• [Data section]

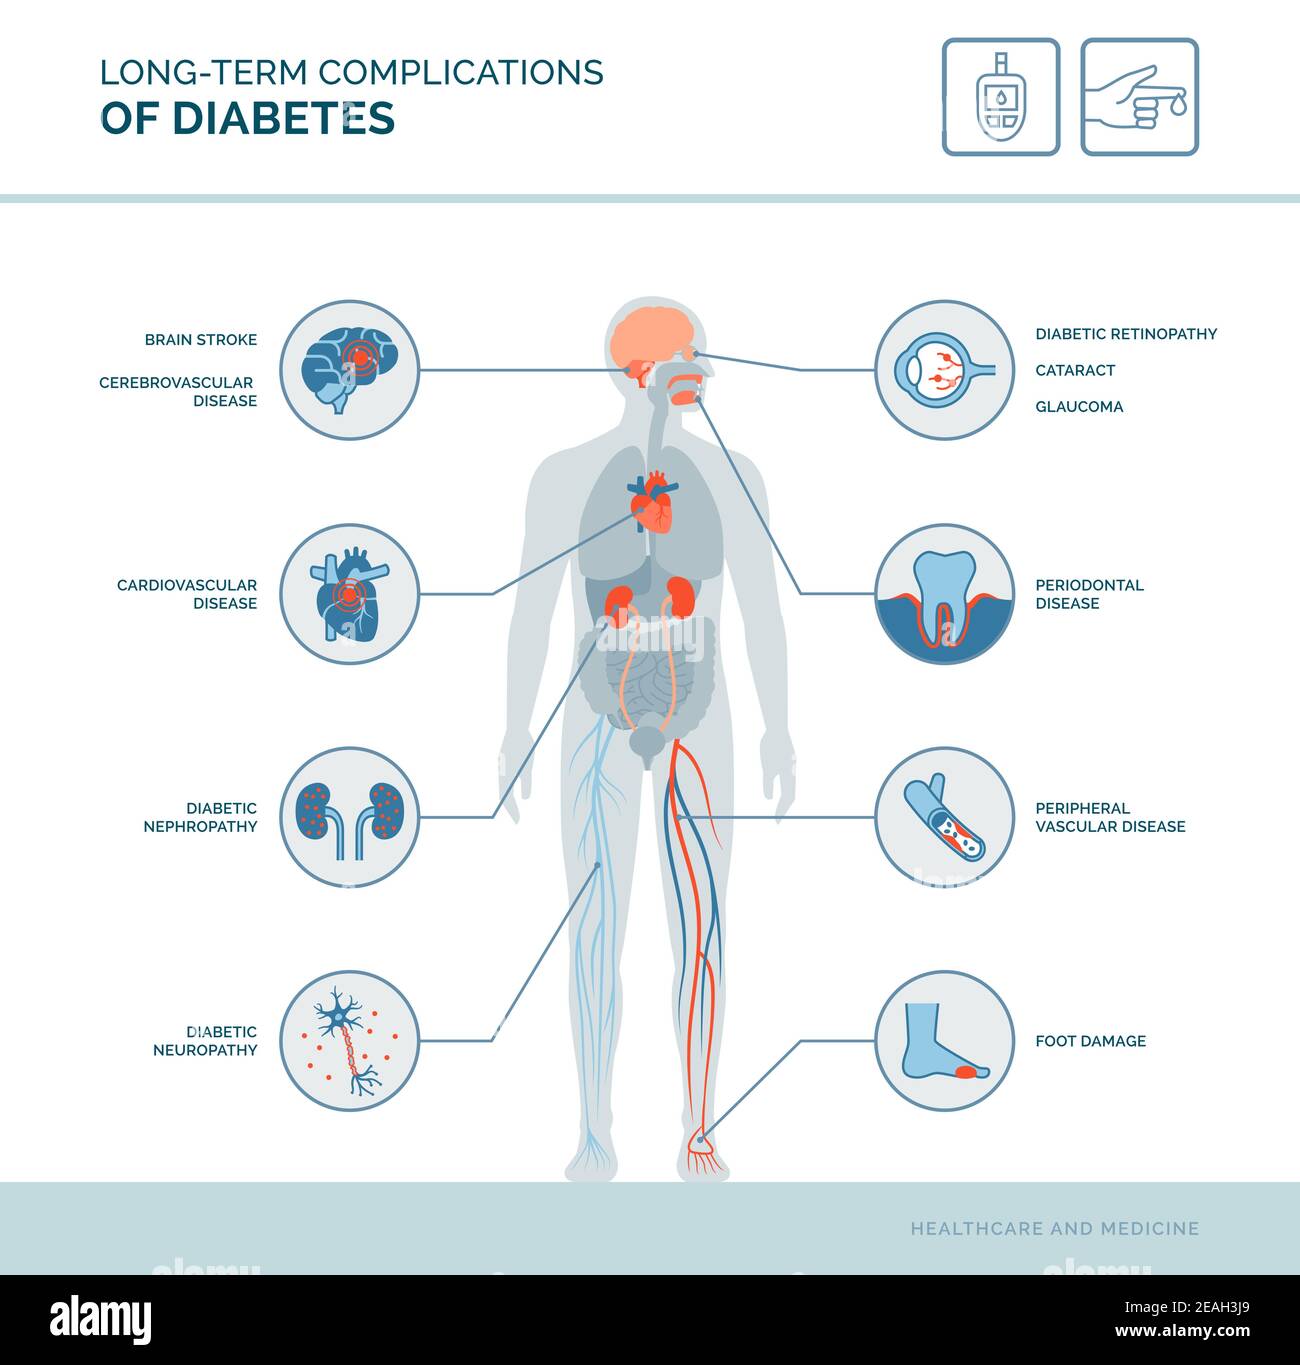 Long-term complications of diabetes medical infographic: diabetes effects on the body Stock Vector
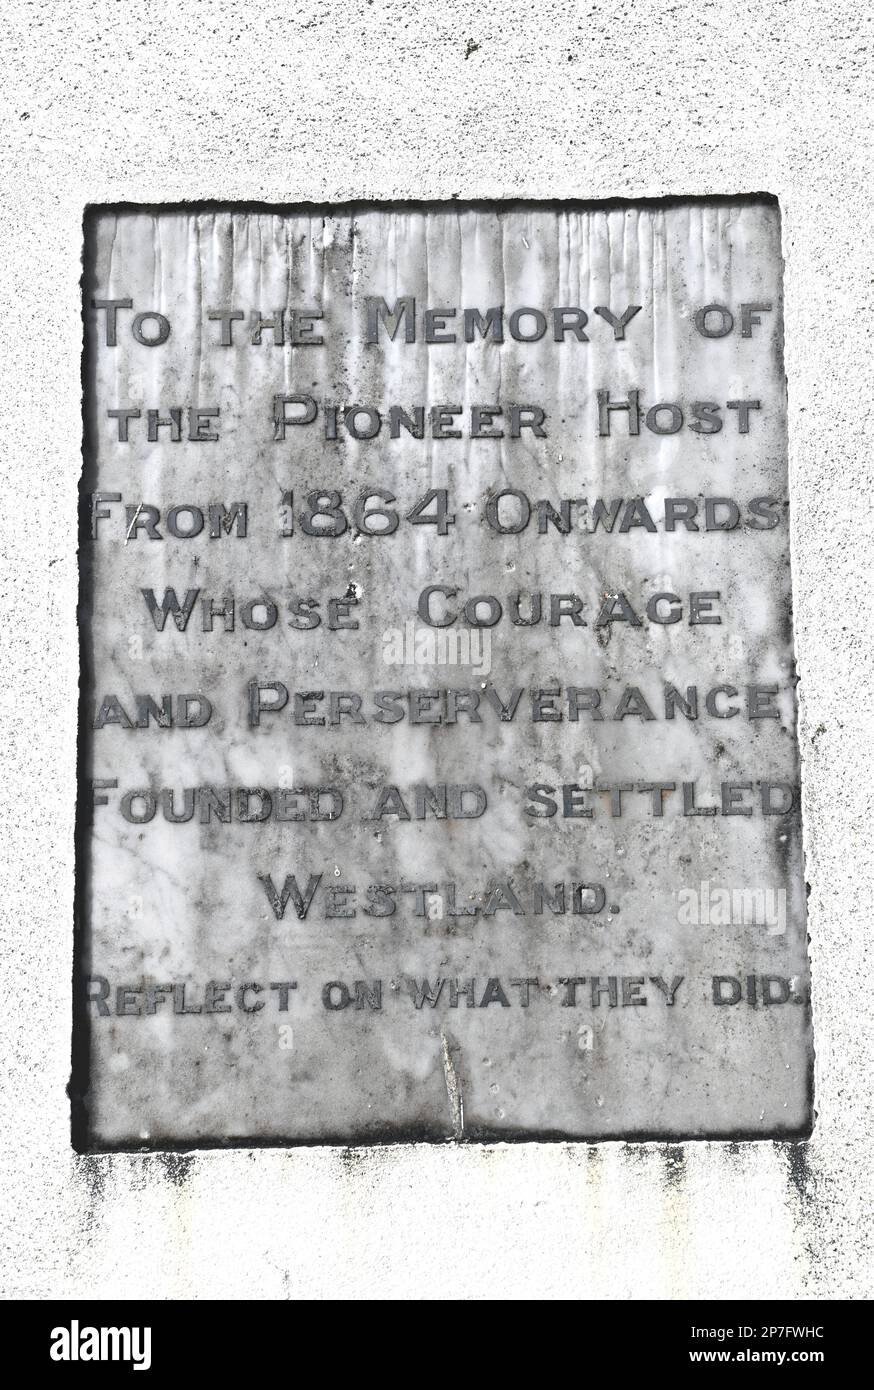 One of four commemorative plaques on an obelisk in Okarito, West Coast, erected to mark the centennial of the founding of New Zealand. Stock Photo
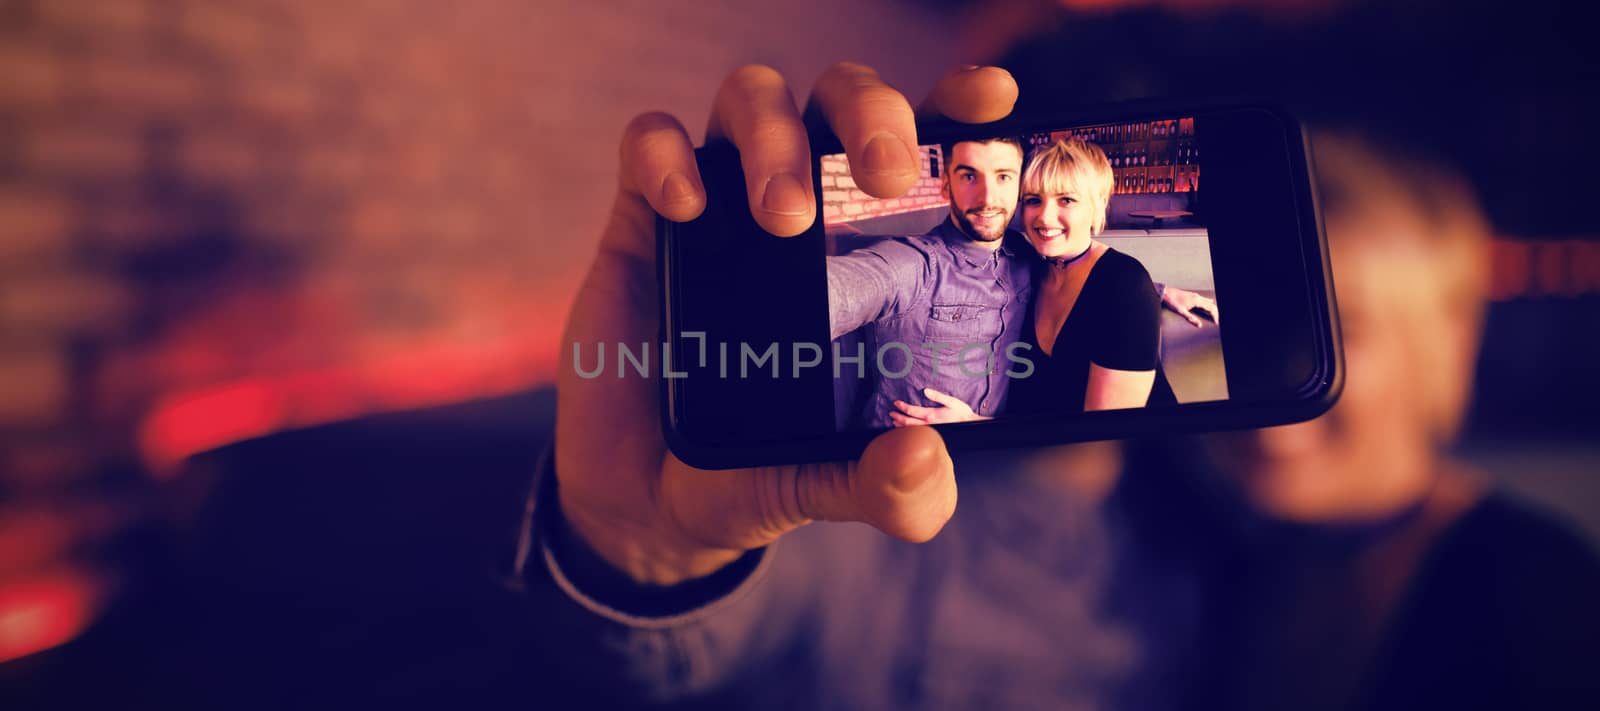 Smiling couple taking selfie on mobile phone in bar

• [What is needed] Pictures aside, reproduce the listing above exactly.

• [Worked solution]
 Long-term complications of diabetes medical infographic: diabetes effects on the body Stock Vector
 One of four commemorative plaques on an obelisk in Okarito, West Coast, erected to mark the centennial of the founding of New Zealand. Stock Photo
 Smiling couple taking selfie on mobile phone in bar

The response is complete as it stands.